■ LISTED ENTRIES
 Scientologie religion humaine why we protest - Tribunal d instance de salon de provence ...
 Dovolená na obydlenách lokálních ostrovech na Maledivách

==

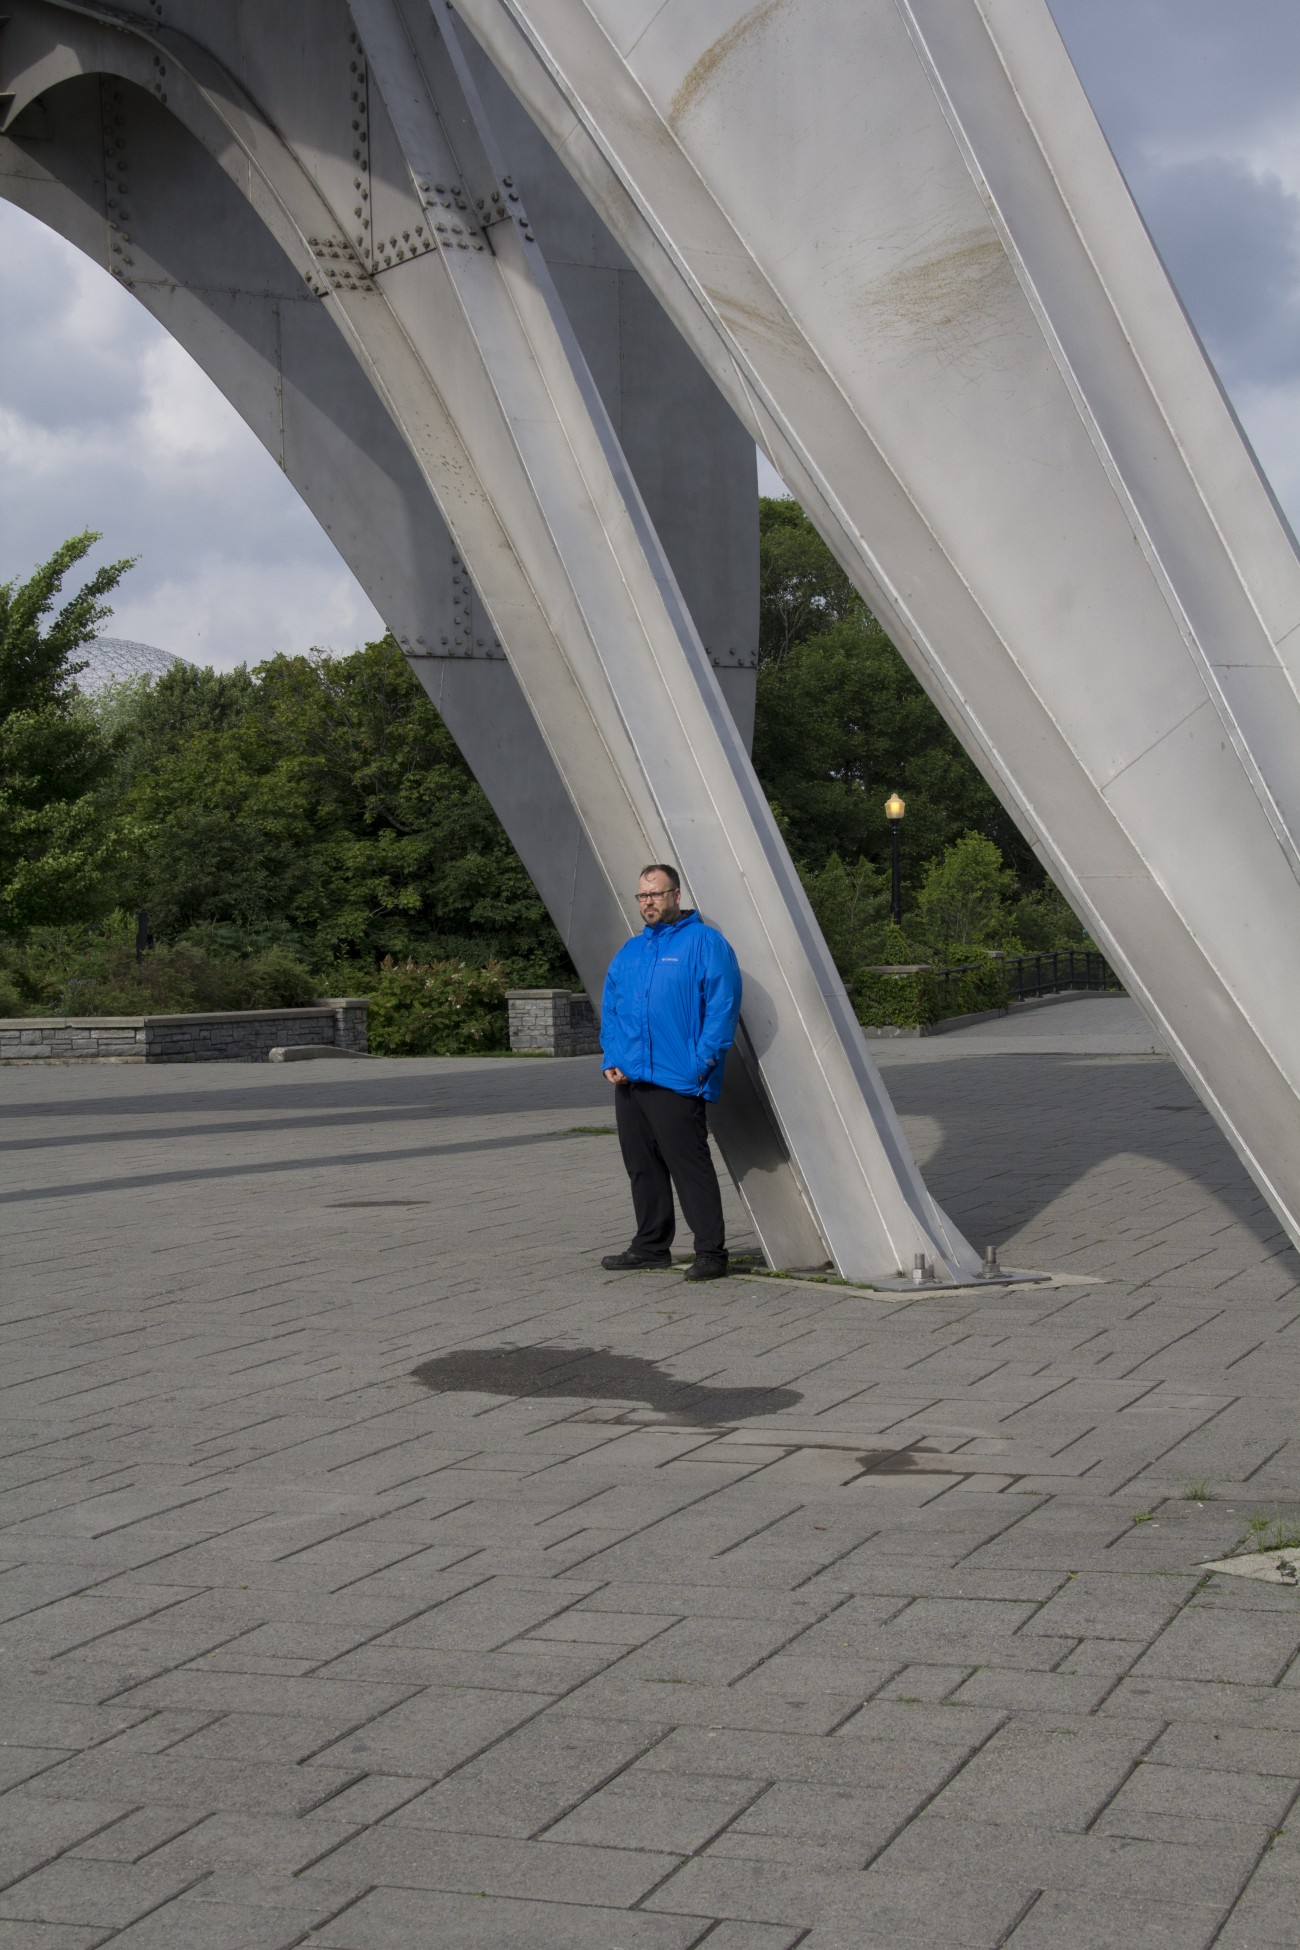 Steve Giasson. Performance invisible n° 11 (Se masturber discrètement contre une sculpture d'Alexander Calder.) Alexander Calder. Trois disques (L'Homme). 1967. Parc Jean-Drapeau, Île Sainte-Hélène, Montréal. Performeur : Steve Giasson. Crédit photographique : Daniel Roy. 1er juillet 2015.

---

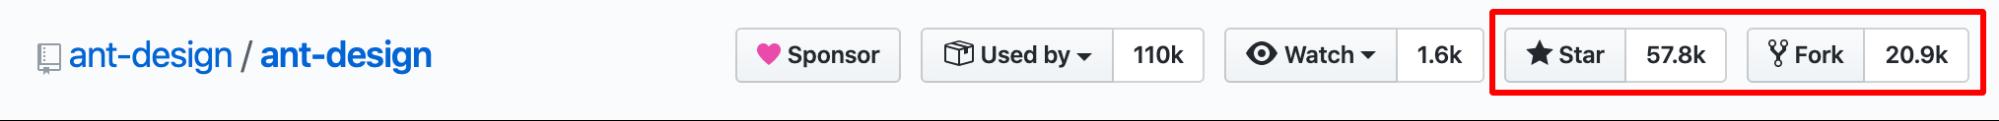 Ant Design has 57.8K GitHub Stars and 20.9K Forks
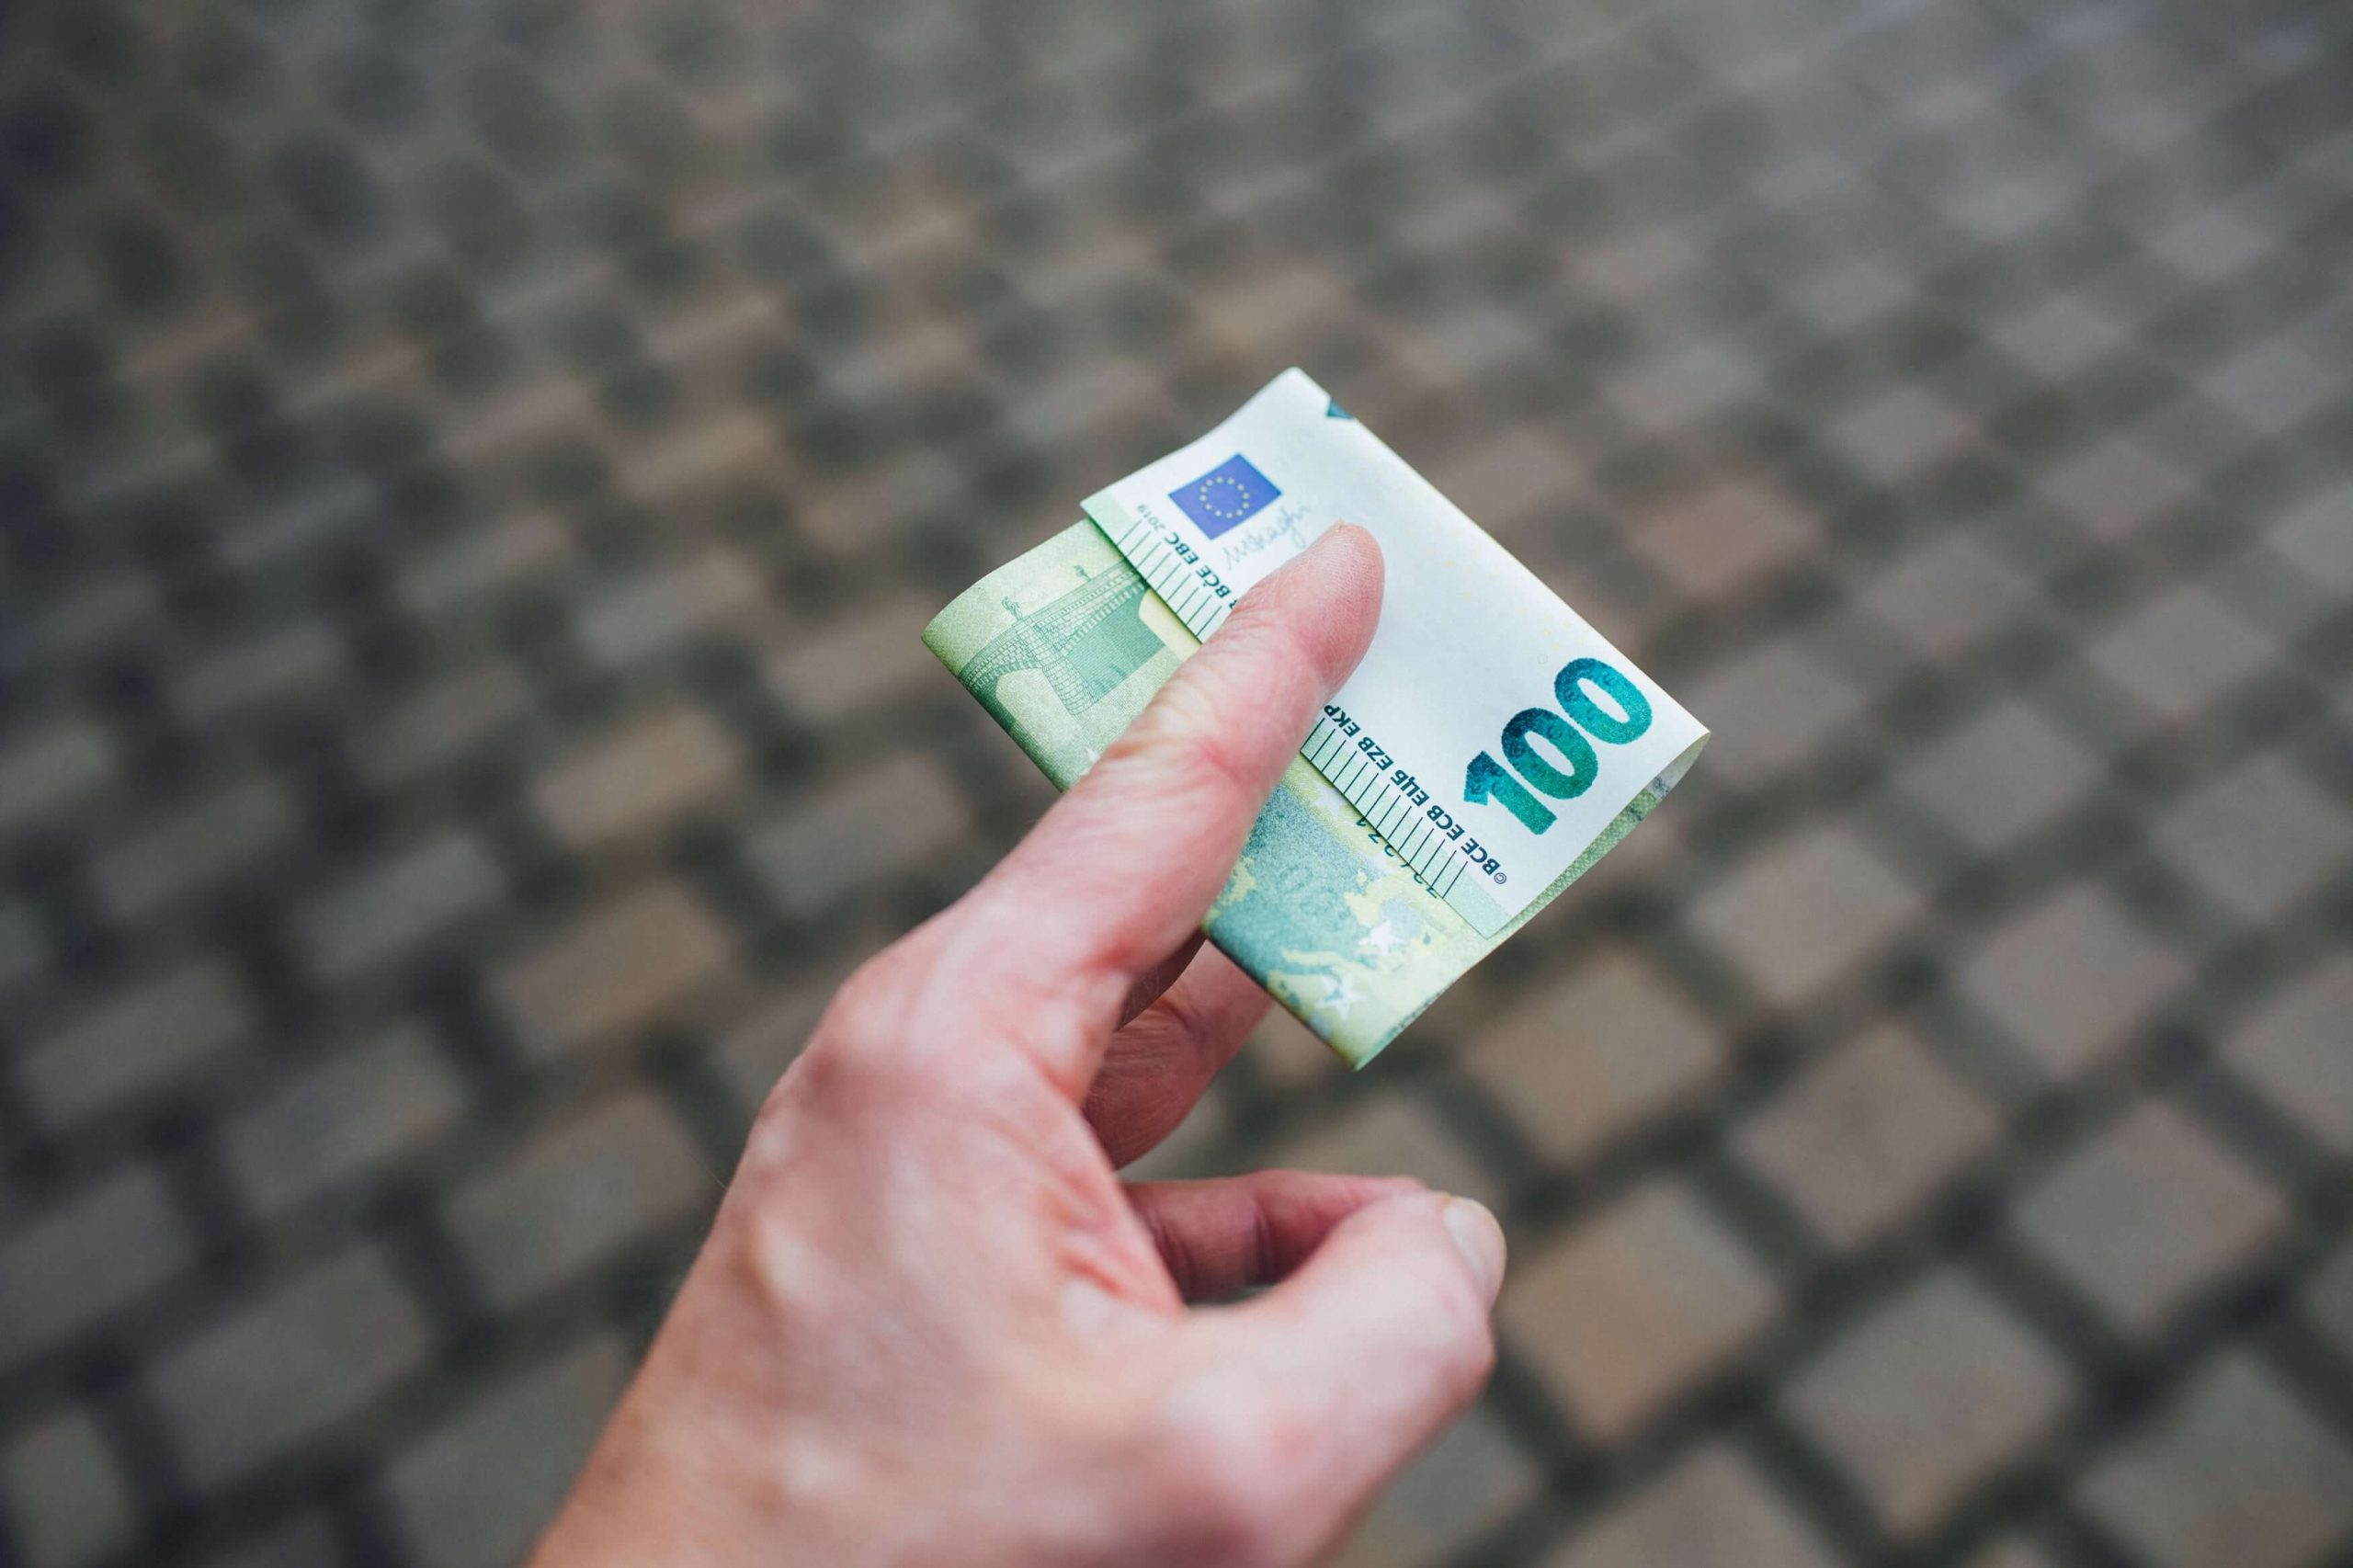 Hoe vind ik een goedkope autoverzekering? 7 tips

■ EXERCISE INSTRUCTIONS
Write down, word for word, the lines above from the one containing "Scientologie religion humaine" through the one containing "Dovolená na obydlenách", both ends included.

■ FINISHED TASK
 Scientologie religion humaine why we protest - Tribunal d instance de salon de provence ...
 Dovolená na obydlenách lokálních ostrovech na Maledivách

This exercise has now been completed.